Over the next few years, Schiff and his team will build on both his own previous work and years of existing research on infant infections. Theywill take a multi-pronged approach involving disciplines as disparate as epidemiology, meteorology and genomics, and using a variety of tools including machine learning, statistics and engineering control theory. The Ugandan National Planning Authority, Meteorological Authority, and Ministry of Health, are among the critical departments that have offered their support, and Schiff noted that the work of these agencies within Uganda will be key to successful implementation trials.
"This is work that no one could ever do on their own. It is the outgrowth of 12 years at Penn State and the opportunity to collaborate through transdisciplinary research with colleagues and personnel in Uganda — blending medicine, engineering and science," Schiff said. "One of our unique strengths at Penn State is the ability to integrate across traditional disciplines with the teamwork required to work toward important goals. Faculty at Penn State are very open to such collaborations, and across our medical, engineering and science campuses, we have the breadth of expertise required to tackle critical problems of this magnitude."
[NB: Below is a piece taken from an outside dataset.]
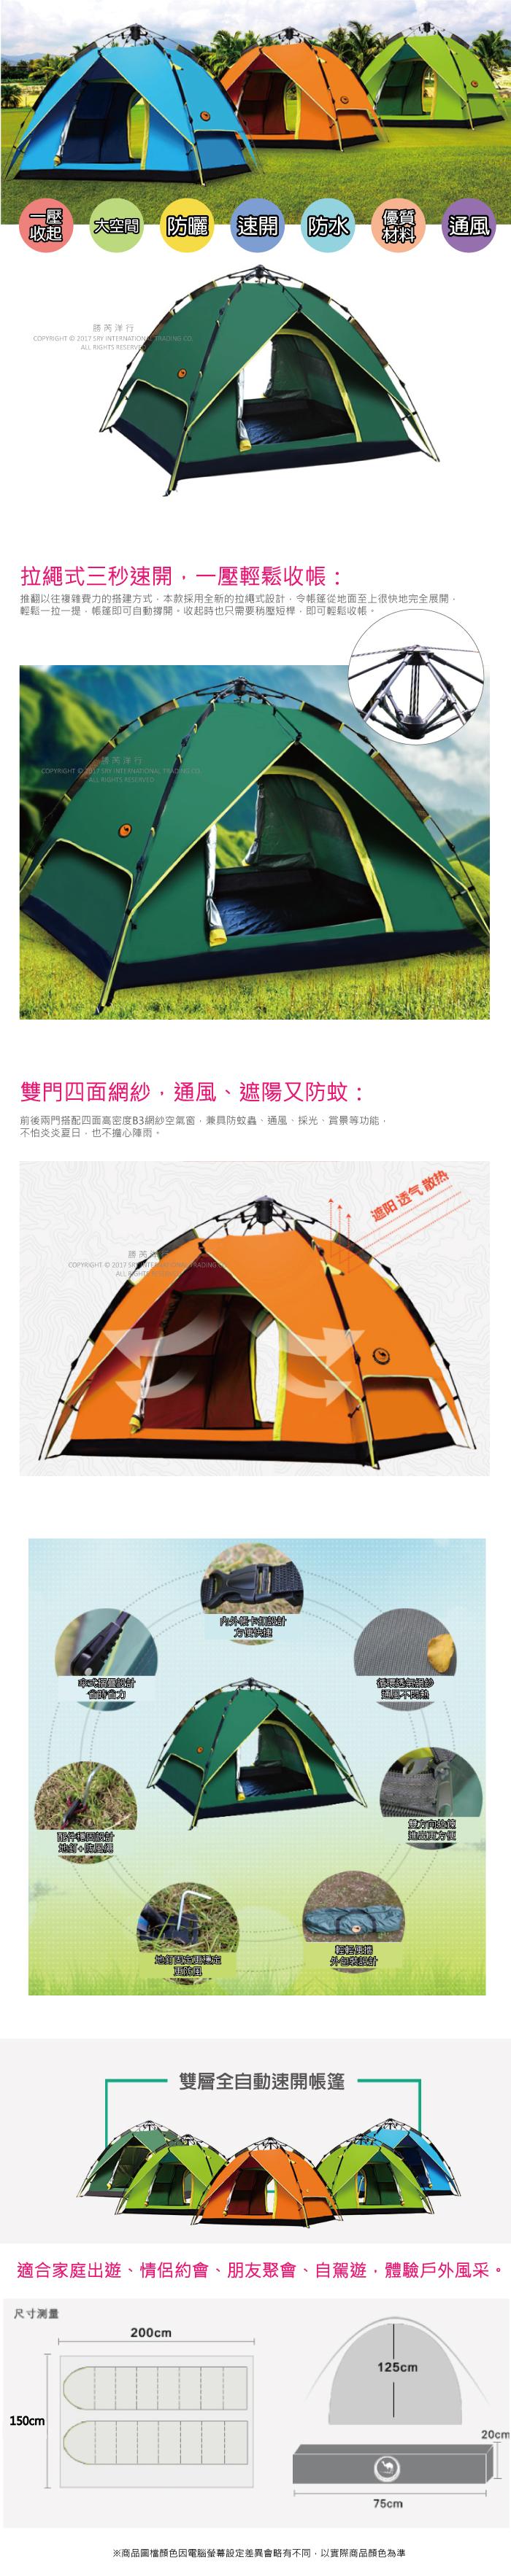 露營帳篷介紹

The Transformative Research Award, established in 2009, promotes cross-cutting, transdisciplinary approaches and is part of the NIH Common Fund's High-Risk, High-Reward Research Programbestowed on exceptionally creative scientists proposing paradigm-shifting research. The awards were created to support unconventional approaches to major challenges in biomedical and behavioral research. Schiff's award is one of the 10 Transformative Research awards among 89 total awards granted for a total of approximately $282 million over five years. With today's announcement, Penn State joins the ranks of the few institutions in the U.S. with faculty who have received both the Pioneer and the Transformative Research Awards.
"Steve Schiff has devoted his career to improving the lives of children coping with serious, sometimes fatal brain disorders, and he's especially passionate about the acute needs of children living in under-developed countries," said Dr. A. Craig Hillemeier, dean of Penn State College of Medicine, CEO of Penn State Health and senior vice president for health affairs at Penn State. "I am elated that his many years of innovative and collaborative research to improve health outcomes for children are being recognized and rewarded with this NIH Director's Award."
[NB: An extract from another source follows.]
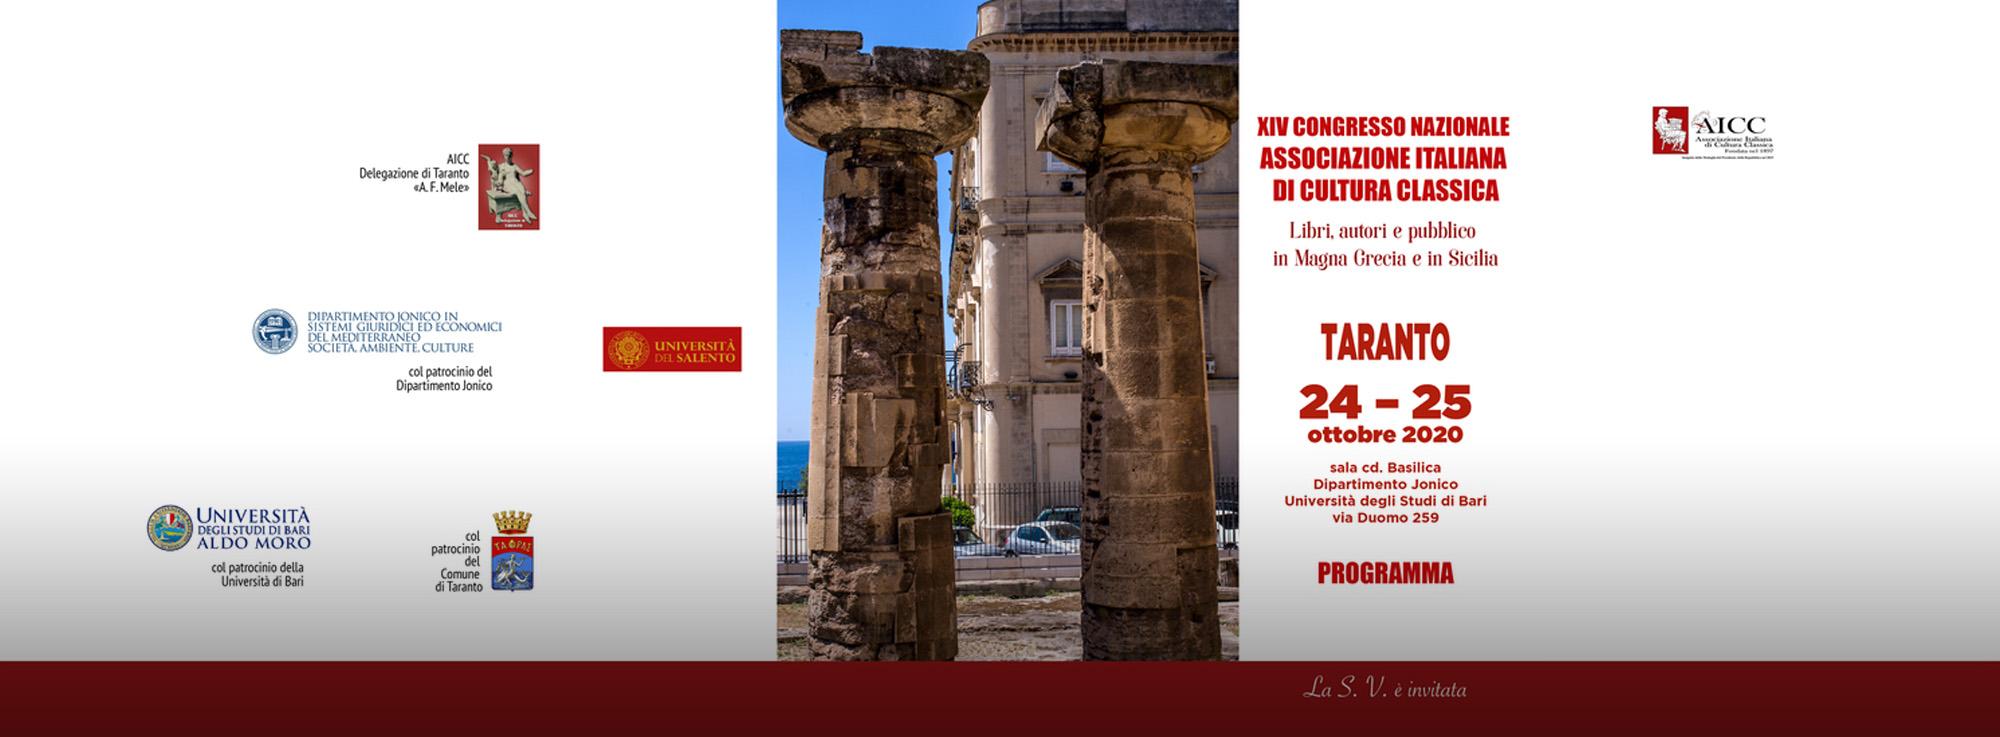 Taranto: XIV Congresso Nazionale AICC

In addition to a close collaboration with Penn State's Institute for Personalized Medicine, and partnering with colleagues from many disciplines at Penn State and Penn State Health, Schiff's team will include the CURE Children's Hospital of Uganda, leading experts from Harvard and George Mason University, and from companies such as Genentech.
"This work promises to make a profound impact on the entire medical field and may have long-term implications for healthcare on a global scale," said Neil Sharkey, vice president for research, Penn State.
"Dr. Schiff's vision exemplifies the type of collaboration unique to Penn State that harnesses the broad talent needed to effectively address critical, universal problems," said Justin Schwartz, Harold and Inge Marcus Dean, College of Engineering. "The College of Engineering is focused on translational research and his approach personifies this vision by bridging the gap between the fields of medicine and engineering."